Not that I don't agree with the stereotype, though. I once was pulled over in the downtown area with the cop convincing me I was drunk behind the wheel (I inadvertently cut him off.), in which he had to grab another police vehicle to try to prove his point. The problem was, I was STONE COLD SOBER!
It's frightening (no pun intended) to see how the authorities perpetuate the "stupid drunk college kid" stereotype. Especially when there are students out there who either do drink responsibly or simply choose not to drink at all.
Anonymous (October 29, 2007 @ 9:52am):
As my grandma would say, this is a classic example of the pot calling the kettle black.

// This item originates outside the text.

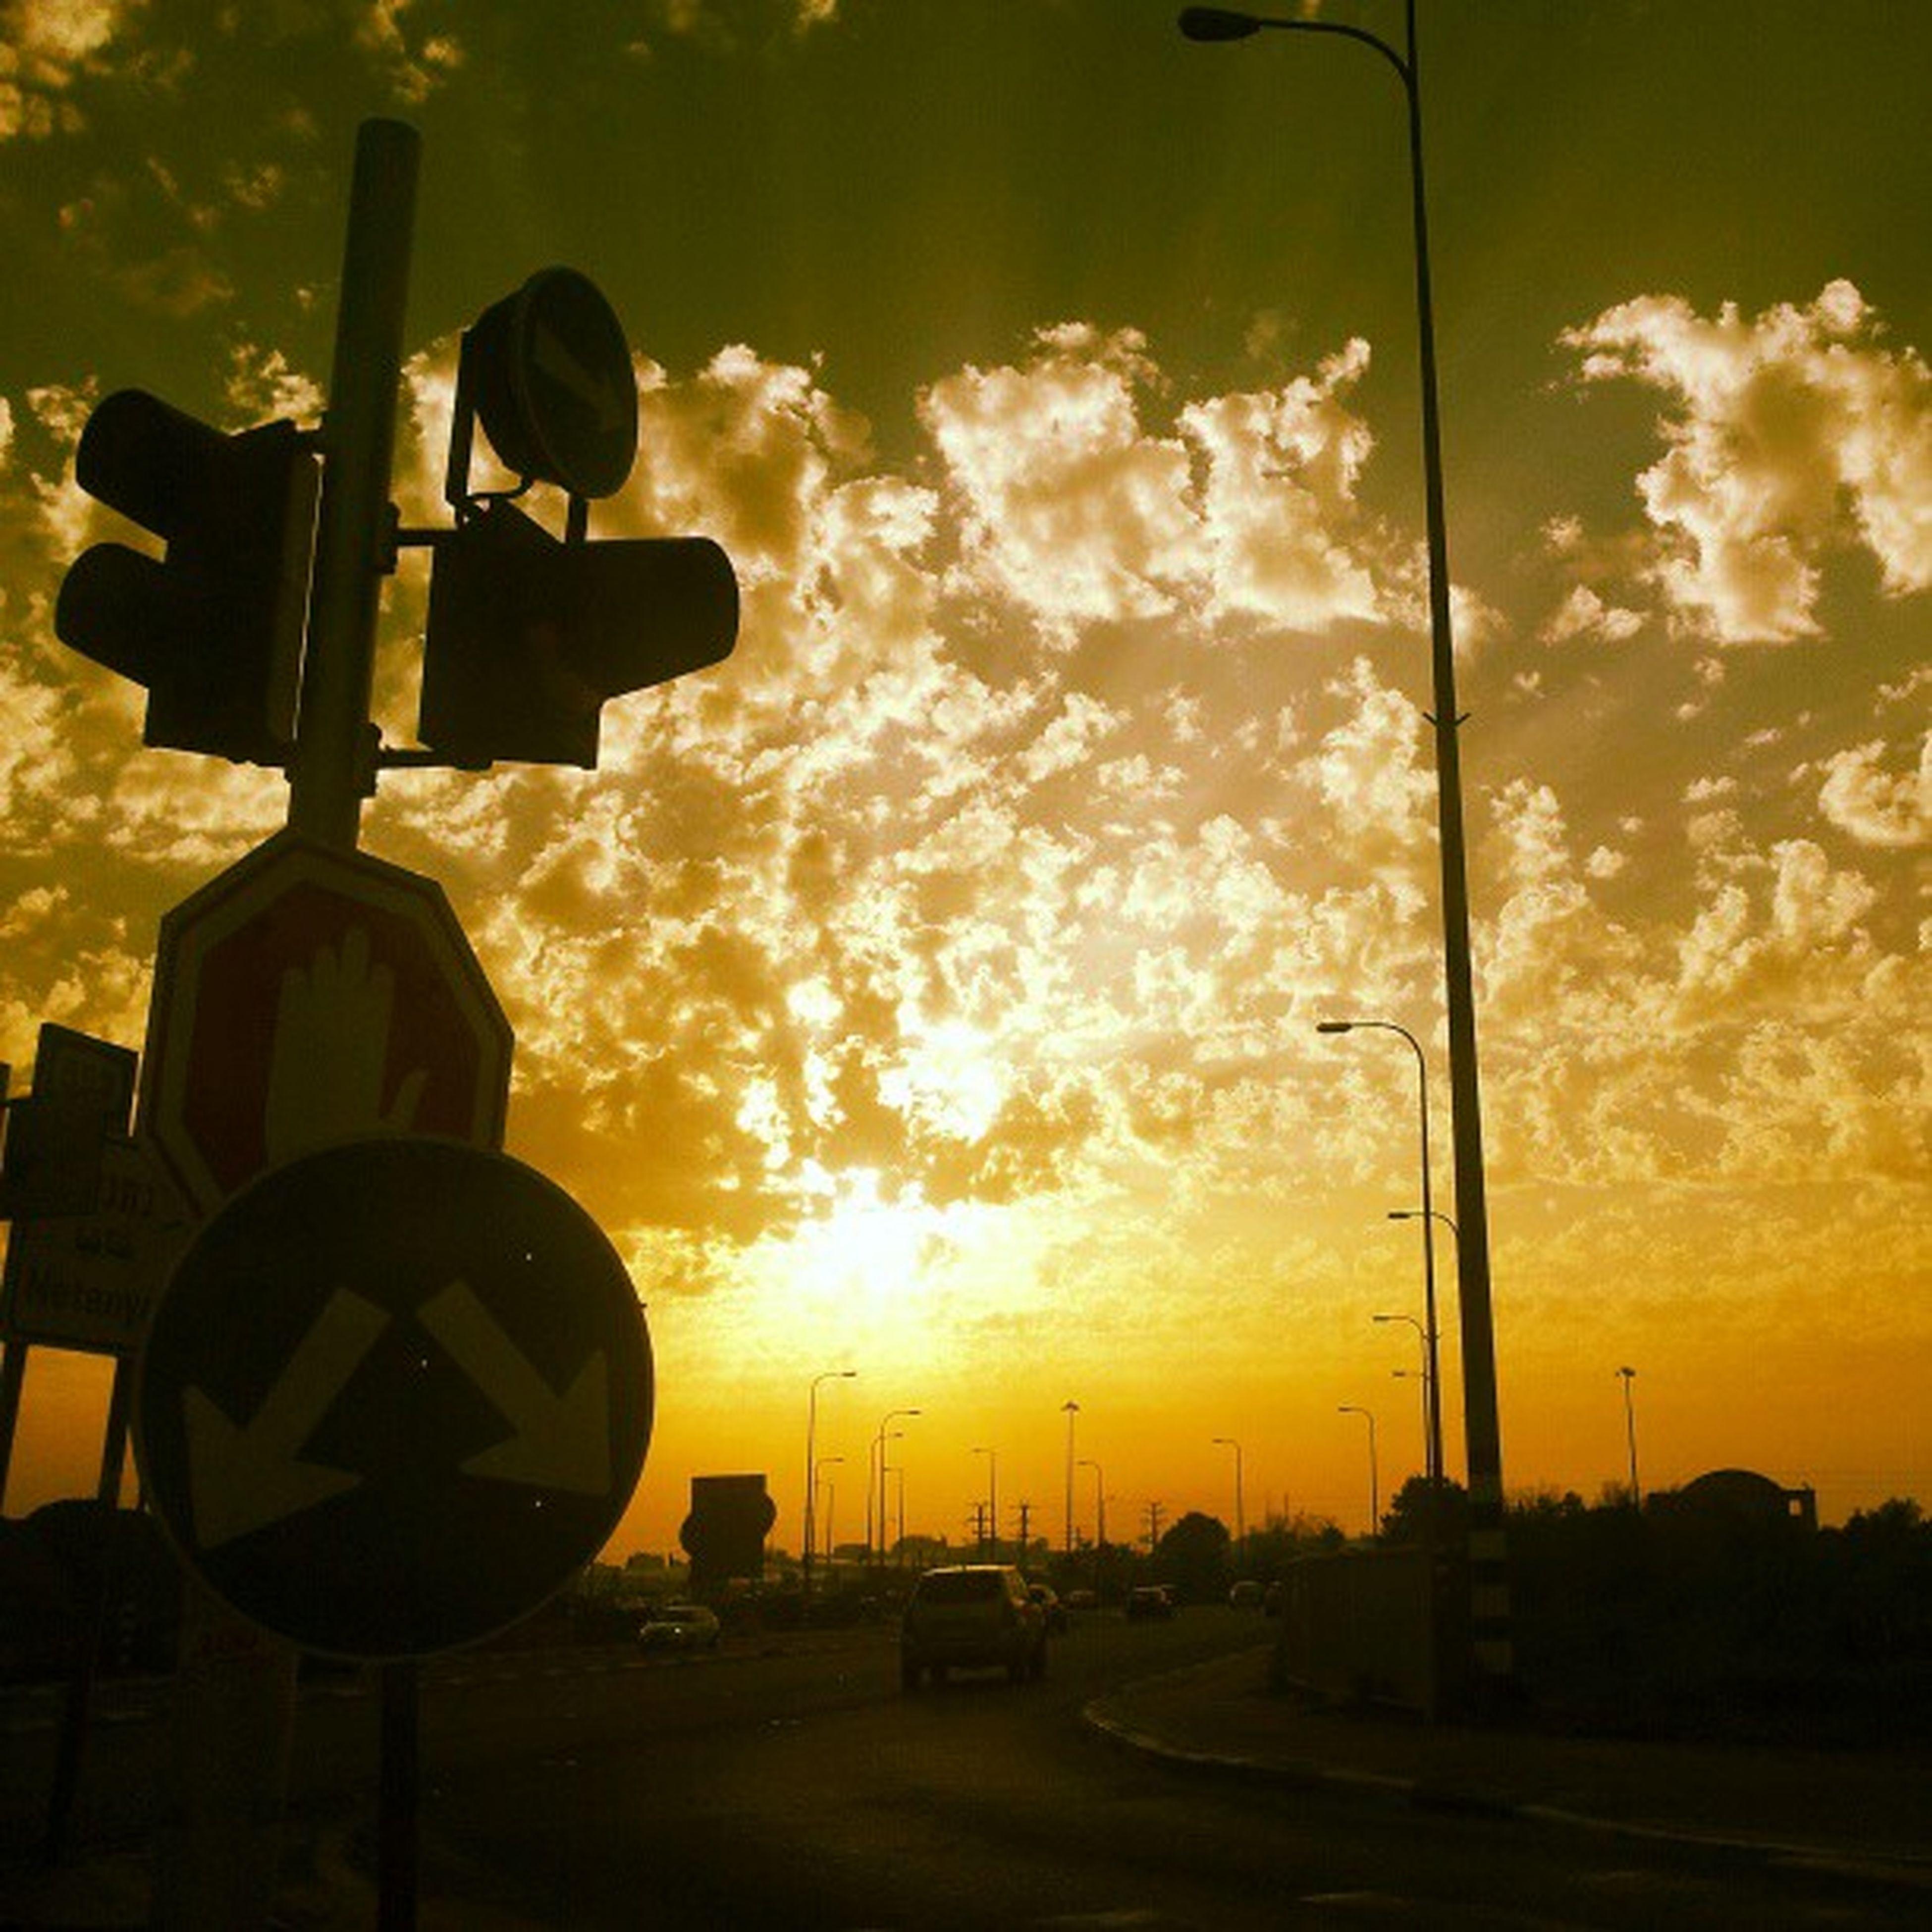 sunset, street light, sky, orange color, silhouette, lighting equipment, cloud - sky, car, sun, land vehicle, transportation, yellow, street, outdoors, nature, illuminated, no people, sunlight, mode of transport, beauty in nature

You don't explain in detail or substantiate anything you write.
For instance, you write that "Given that the threshold Blood Alcohol Concentration for being taken to detox is only .16, I sincerely doubt this is the case." Unless you provide an explanation of the level of impairment or danger common at that BAC, the number is useless.
Additionally, you claim that there is an increased police presence without citing any statistics. (And BTW, don't you think that the downtown initiate has at least something to do with the spike in sexual assaults last year?)
If this were to be an effective argument, you'd have to prove somehow that people are taken to detox who clearly (or at least somehow provably) do not require medical attention.
In all, there is no evidence that Mr. Luhn's story was anything but a fine piece of journalism-certainly not in your little diatribe. So please, don't defame something as "lazy reporting" simply because you don't agree with it.
Anonymous (October 29, 2007 @ 10:47am):
detox is covered by health insurance as an emergency facility visit - most people just don't bother to claim it (to avoid telling parents who deal with insurance perhaps?) - so it isn't a $365 fee.
Anonymous (October 29, 2007 @ 2:24pm):
Police will stop treating students like delinquents when they can show they can behave as the adults they actually are. College is not daycare or camp, I don't think a lot of students here have fully realized that.
Anonymous (October 29, 2007 @ 8:20pm):
"the stereotype of students as drunkards"
... the weekend after Halloween might not be the best time to challenge that "stereotype."